Los afrikaners son unos bichos raros en África. No porque tengan tres ojos y seis patas, sino por ser blancos, la comunidad blanca más grande de todo el continente negro. “Esperá, esperame un cachito: afrikaner, África, blanco, negro… quedé un poco mareado. A propósito: ¿Qué día es hoy?” pregunta un perdido de por ahí, el rostro de alguien acostumbrado a desayunar cereales con anticongelante para camiones.
Con casi tres millones de miembros, los también llamados “Boers” corporizan algo así como el 7% del padrón de Sudáfrica (aunque tienen a su vez una importante presencia en el vecino Namibia, donde le compiten cabeza a cabeza a la población de cebras).

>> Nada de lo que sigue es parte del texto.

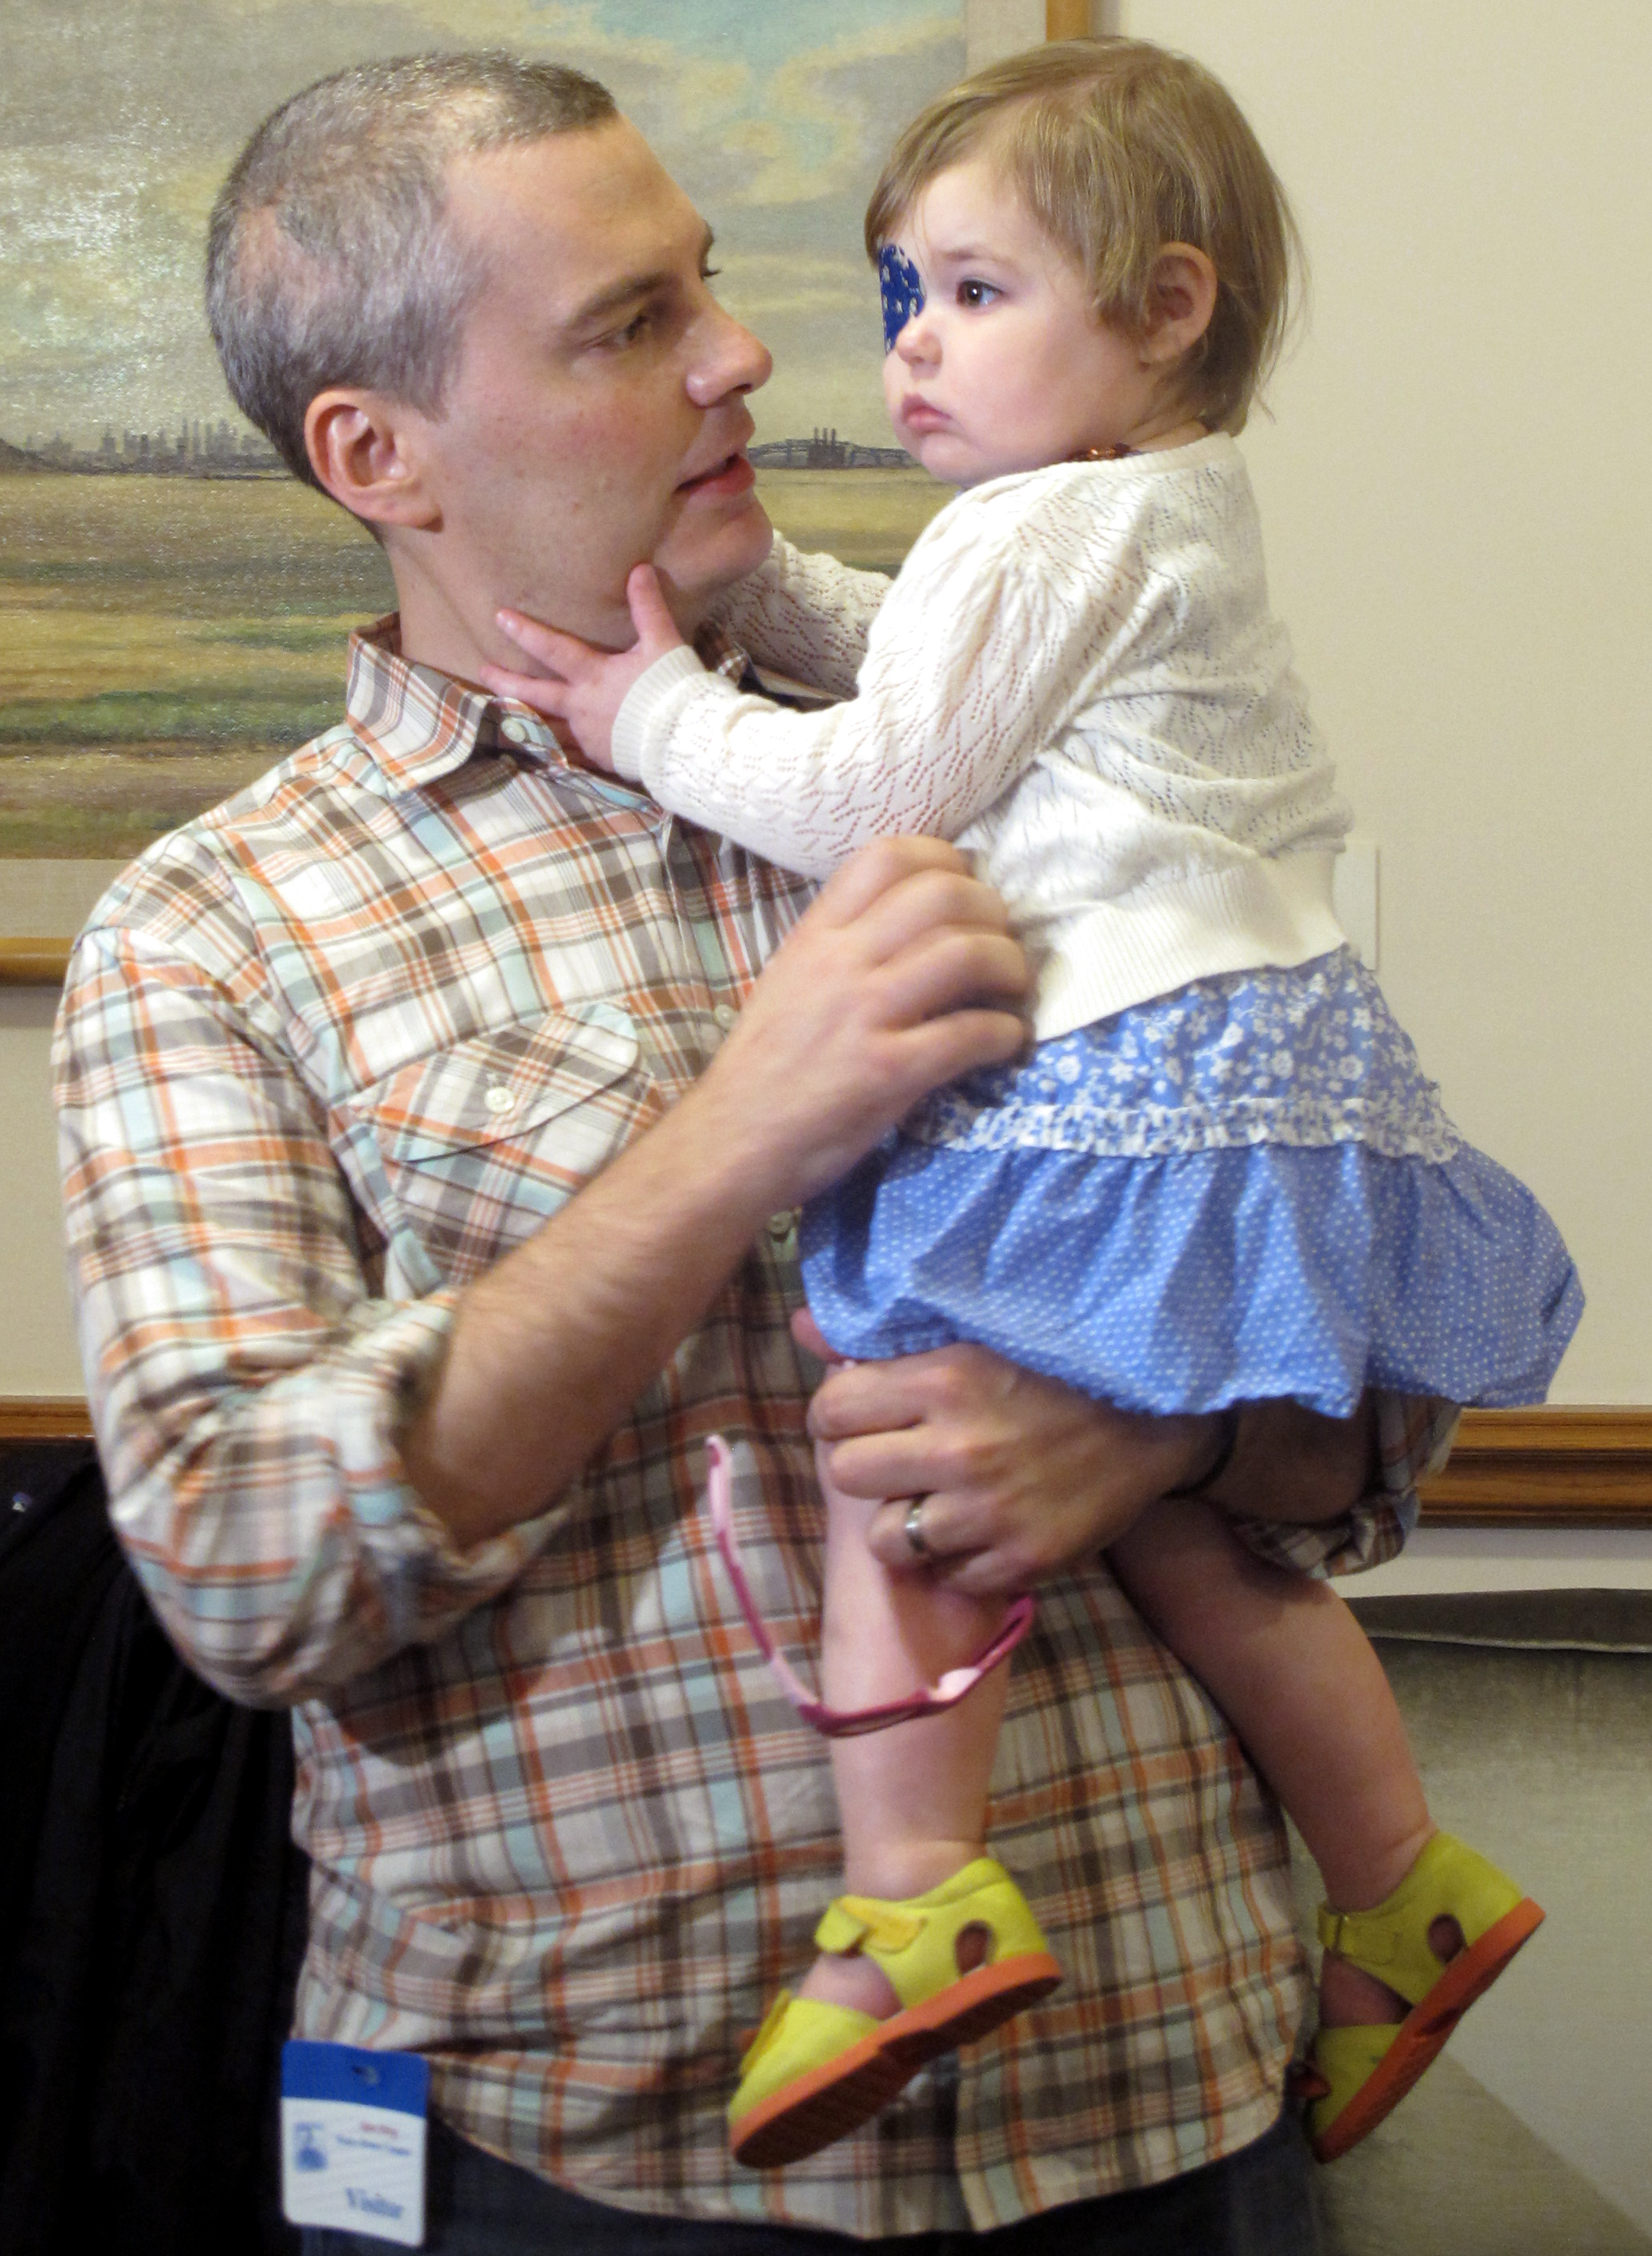 Brian Wilson, of Scotch Plains, N.J. holds his 2-year-old daughter Vivian. (Geoff Mulvihill—AP)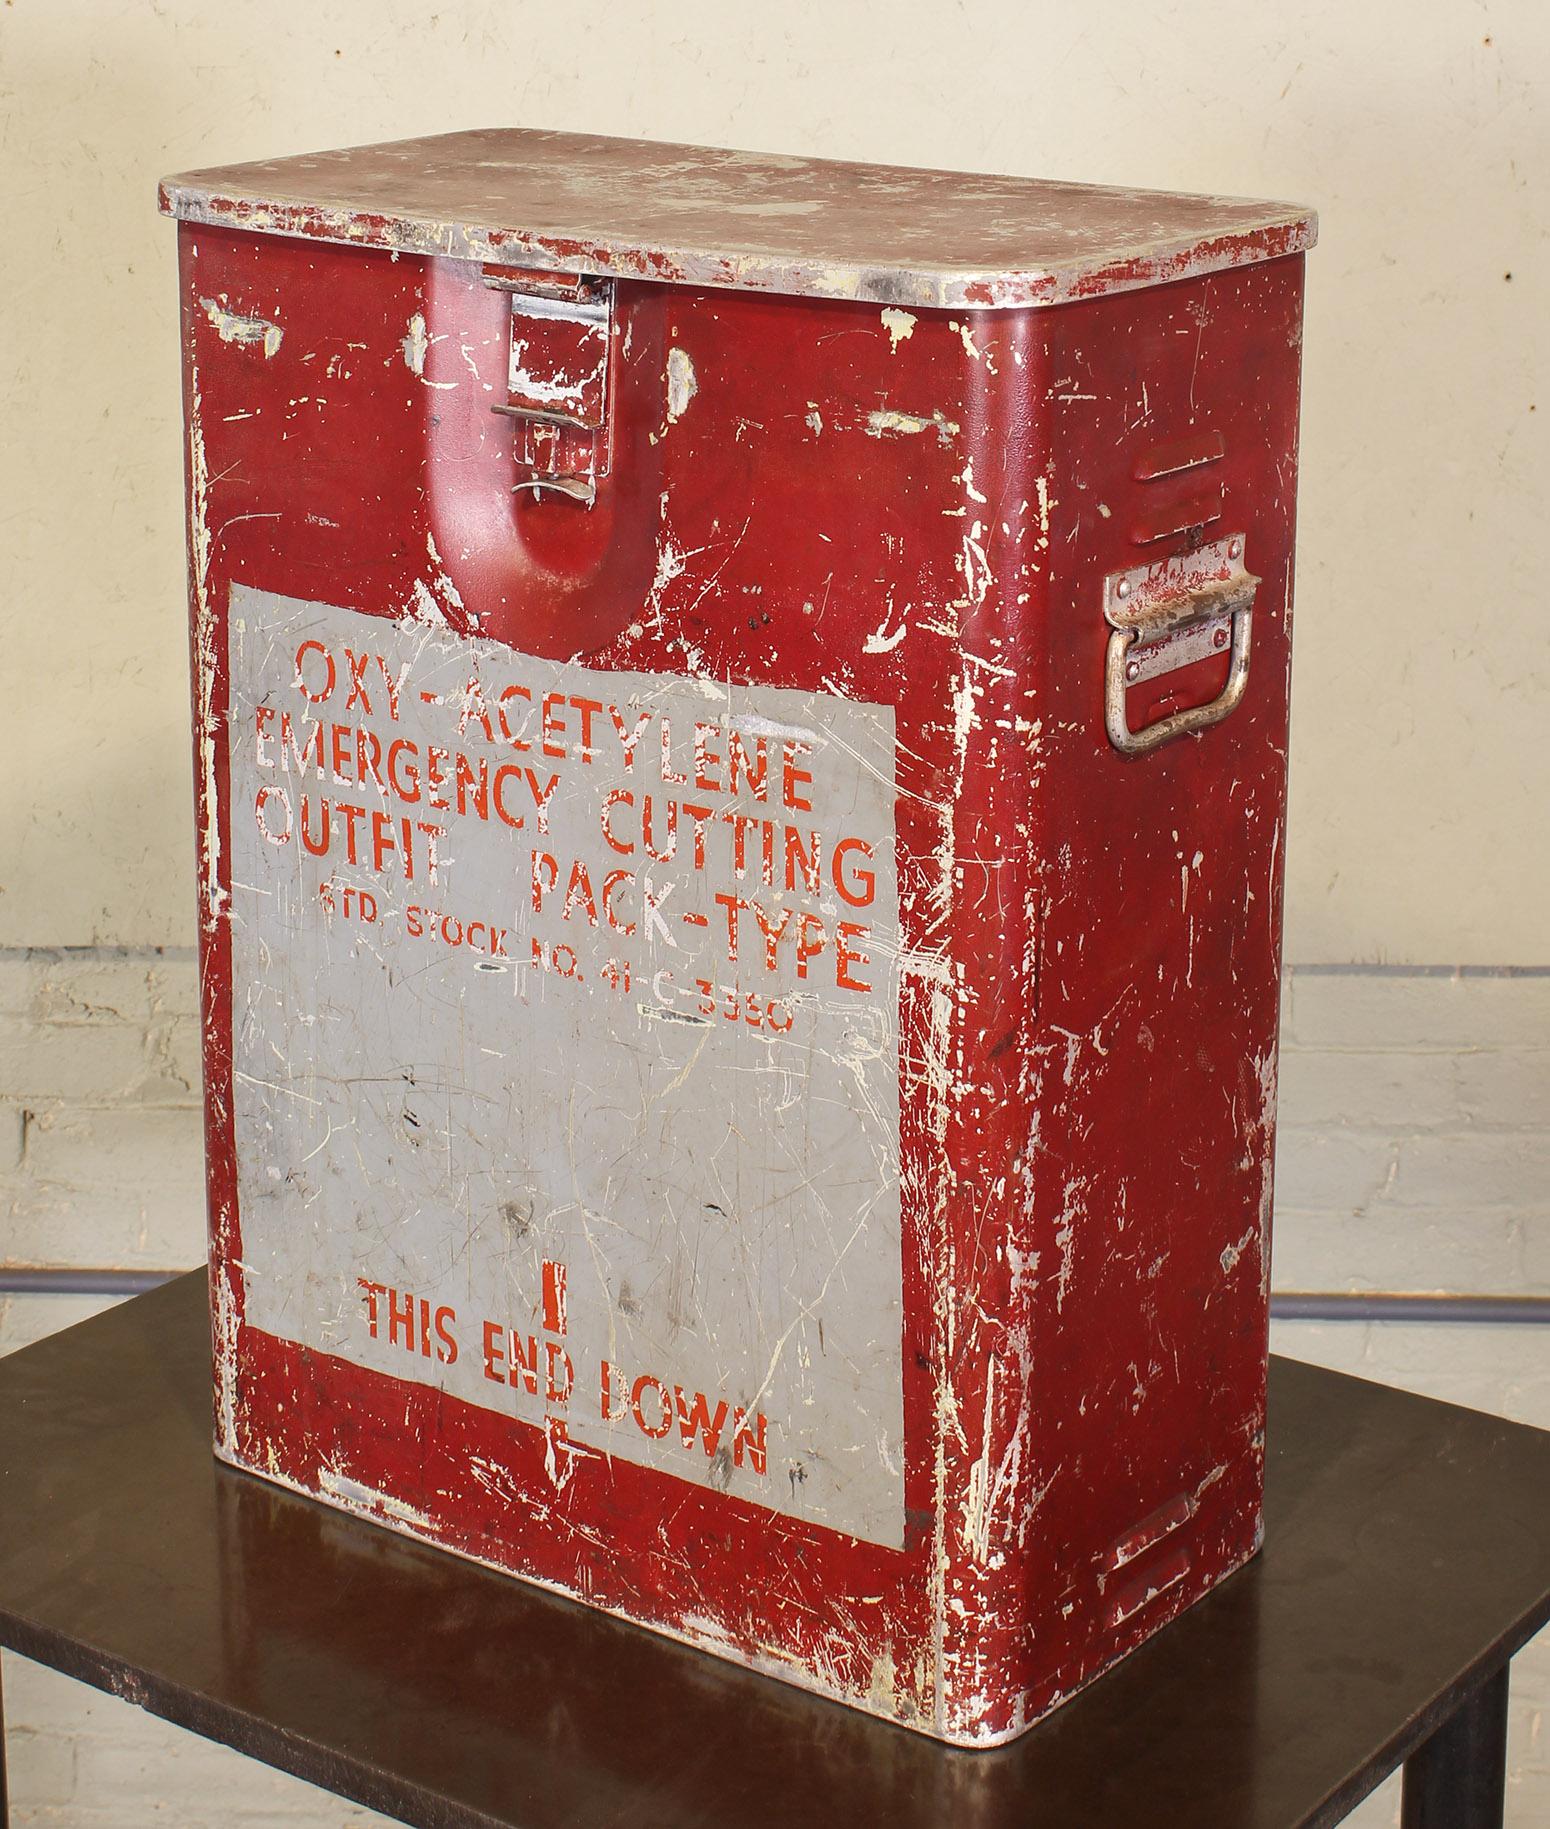 WWII era vintage military - Navy oxy-acetylene emergency cutting outfit metal box / storage container. This would have been on an aircraft carrier during the 1940s. Instructions for use are underneath the lid. Overall dimensions are 18 1/2

En la denominada “Nación del Arco iris” habitan principalmente las áreas del noreste y el oeste, siendo esta última su verdadero lugar en el mundo. Con todo, el peso simbólico de la colectividad es muy grande en el país entero.
Tanto, que los políticos que la representan han sido de los más influyentes durante décadas, llegando a crear el mismísimo Apartheid. Lindo para invitarlos a tomar la leche, chiquititos del señor.
Pero amén de ese nefasto capítulo, la historia de los afrikaners resulta sumamente atractiva. Descienden de los holandeses, quienes arribaron al occidente de la actual Sudáfrica buscando un punto de descanso para sus largos viajes entre Europa y Asia.
“Alístense para desembarcar, arríen velas, leven anclas y eliminen al negrito ése que me mira feo”, dijo antes del primer descenso el capitán, que ya tenía pinta de racista. El nativo en cuestión, desde la costa, contemplaba a los extraños visitantes y tampoco soñaba encuentros amistosos: “Olonko, andá preparando las brasas y el chimichurri”, ordenó a su ayudante, lanza en mano.
Tras aquella incursión inicial, los años y el cambio de generaciones fueron dando lugar a la cultura Boer. Para ello, los integrantes del clan tuvieron que batallar la tierra a los colonos ingleses (“Se lo cambiamos por Malvinas: hay pingüinos”, intentaron negociar los británicos), y a los zulúes. Entre victorias y derrotas, pudieron expandirse hacia el este y el norte, en un afán por moverse que ya les venía de sus antepasados.
Hoy, los afrikaners más conservadores siguen sus tradiciones de vida rural y espíritu folclórico en los alrededores de Ciudad del Cabo y en toda la provincia del Cabo Occidental (donde son la mitad más uno, igual que Boca hace 30 años). Allí, comen las deliciosas borewors (salchichas artesanales a la parrilla), hablan el afrikáans (idioma muy similar al holandés) y cultivan el arte del rugby, deporte en el que son temibles.
Que lo digan, si no, los jugadores argentinos, que cada vez que ven venir a estos gringos fornidos como una estampida de búfalos, cambian la cara de puma por la de tatú carreta.
Calvinistas a morir
También por herencia europea, los boers practican el calvinismo, una rama de la escuela protestante cristiana de la que son fervientes seguidores. Entre otros postulados, esta religión asegura que Dios reserva la salvación eterna solamente a un grupo de iluminados pero que nadie salga a decirse pariente de Montesquieu: al parecer, el de arriba ya los tendría elegidos.
Así lo creen los clérigos locales, convencidos de que el Todopoderoso ama a los afrikaners más que a nadie en la tierra. Más que a los chinos incluso.
De ahí que los haya protegido durante el Gran Trek o Gran Marcha, una expedición que por casi 10 años los llevó a conquistar territorios del interior continental con notable éxito.
Inspirado por aquellos relatos, el cura de una iglesia de aldea abre sus brazos al cielo y, en lengua autóctona, grita algo que al viajero le resulta inentendible. “Y con tu espíritu”, responde éste, completamente perdido. Los feligreses, atónitos, analizan la situación y ya planean un exorcismo.